We see this problem in many of the businesses we speak to about AI, where they have previously tried to deploy machine learning into business processes, but have not seen the benefits they expected. This is why we liked this article from Information Week, as it describes a business’ more pragmatic route to jump-starting an artificial intelligence project. All the speed, but less of the haste.

The article provides seven key lessons, based on the barriers organizations have faced when implementing AI without sufficient prior consideration; from ensuring you have mapped out exactly the business challenges you want AI to address, to ensure you have the right team in place, the right data, and buy-in across the company.

These steps echo exactly our own thoughts and practices for deploying AI, which is why our AI Value Discovery Service has been designed to discover where the technology will be most impactful to your business, whilst addressing the obstacles that would otherwise derail the project. For more on the thinking behind this service, and a sneak peek of the process it goes through, download our free white paper here.

  1. Five takeaways on scaling machine learning

According to a recent Gartner survey, 37% of organizations have already implemented AI into their day to day business, with many other businesses looking to introduce the technology. This article from InfoWorld highlights the ways that large organizations like Facebook and Twitter have maintained the advantages machine learning first gave them by scaling its use from a small number of uses cases far wider across the business.

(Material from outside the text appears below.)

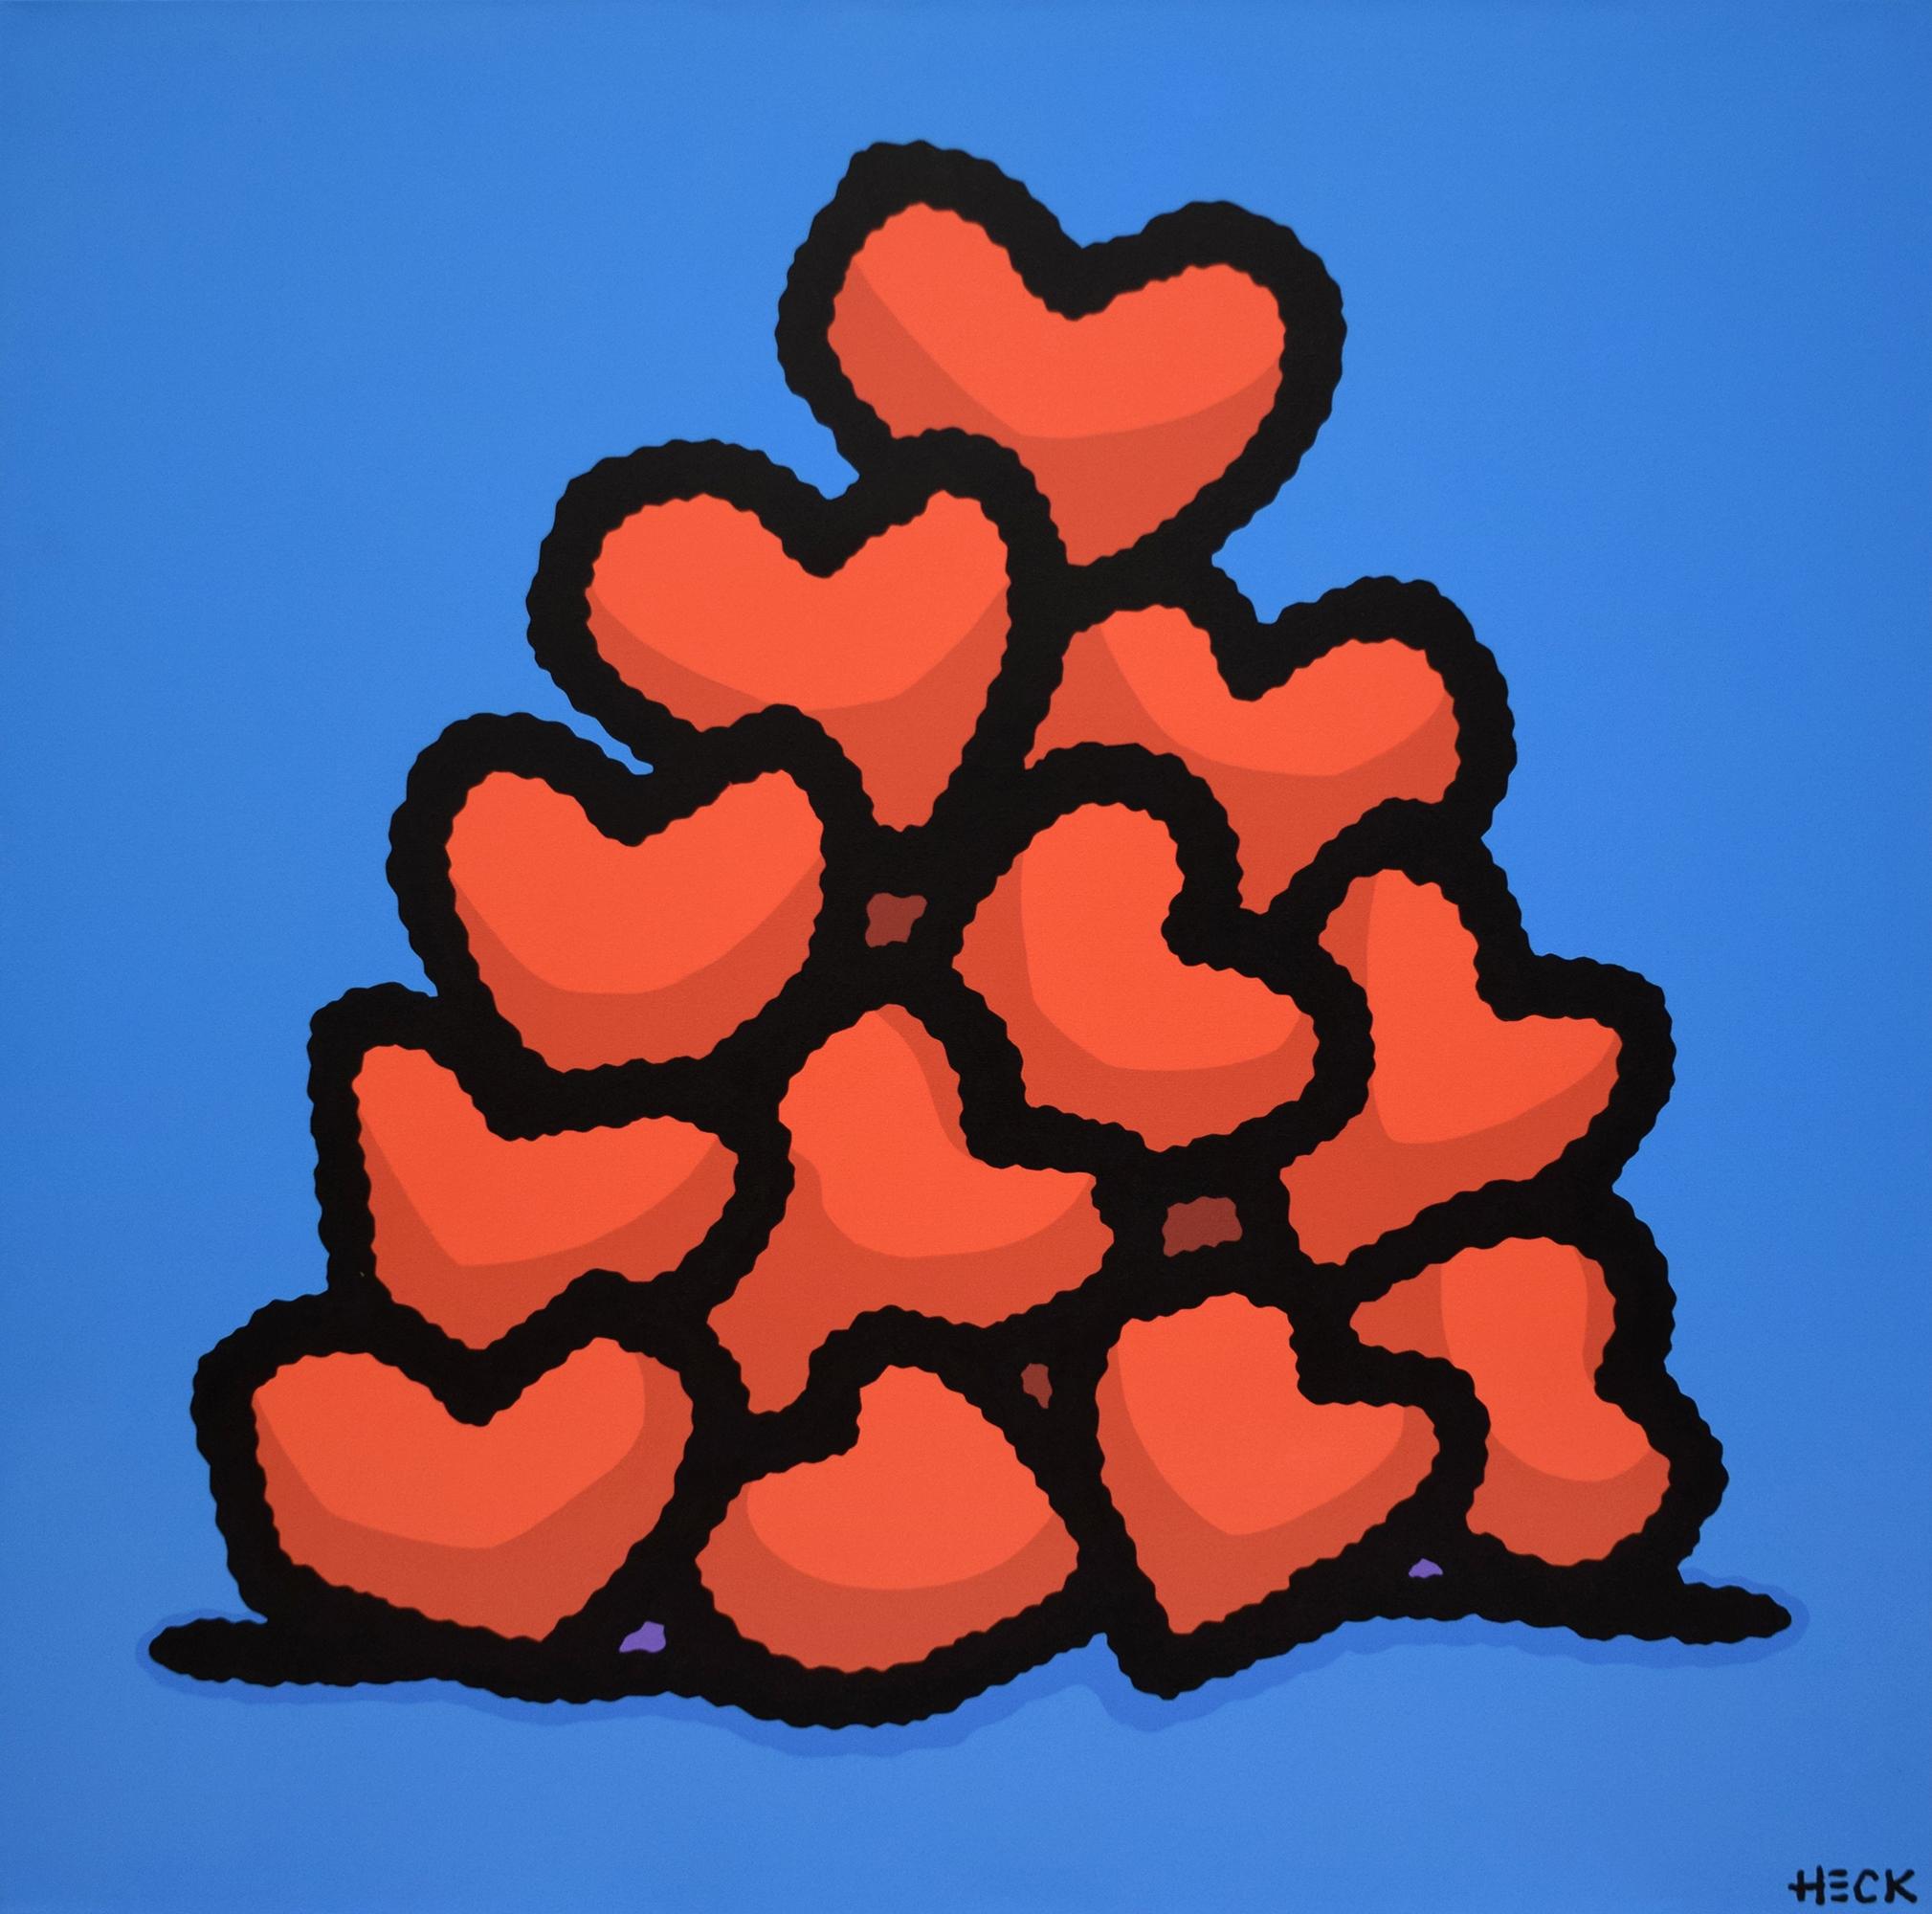 Ed Heck - Heart Pile , 6575-012-034

Whilst it sounds daunting especially for SMEs who do not have the same resources as these two tech giants, or have even deployed their first project, it also shows smaller businesses how to make sure their first use case is not simply a “point solution”, is inherently scalable, and that maximum value is planned for from the outset

  1. How Artificial Intelligence is helping financial institutions

AI and machine learning has the ability to transform businesses within the financial sector, and this Forbes article discusses the competitor advantages the technology has to offer. From chatbots and personalised customer service to providing 24/7 banking services and preventing and detecting fraud and money laundering, AI is in widespread use protecting and serving the financial services industry.

However, the article does touch on a key barrier within smaller financial companies: the high salaries of AI expertise. This creates two trends – a tendency to look outside the business for experienced support, plus a lack of tolerance for AI projects that fail to add value.

Our artificial intelligence and machine learning services not only give smaller financial institutions access to this expertise, but our practical approach ensures that no technology is deployed before a clear financial case is scientifically discovered.

  1. How AI is revolutionizing financial services

Building off the Forbes article above that looks at where AI is currently proving valuable for financial services, McKinsey Global Institutes predicts that from the $5.6 billion that banks are expected to spend on implementing AI in 2019, the financial industry could see a return of upwards of $250 billion.

The additional angle this article covers is the potential compliance challenges businesses face when deploying AI, especially if machine learning is to determine credit risks for potential new customers. The main question being asked is whether AI’s output is transparent enough given regulators’ requirements for fully explicable decision-making – the so-called black box problem – which in turn leads to concerns over whether AI can truly be unbiased if it naturally dependent on the data it is given. Or more accurately, data that humans have chosen to give it. There is no silver bullet to this, but some solutions include ensuring the team managing the AI project is diverse, although this inherently requires an even greater salary spend.

These five stories provide an excellent primer for businesses investigating the opportunity that AI presents to their business. And the key theme across them all is clear: finding the right use case for your AI project is more than half the battle.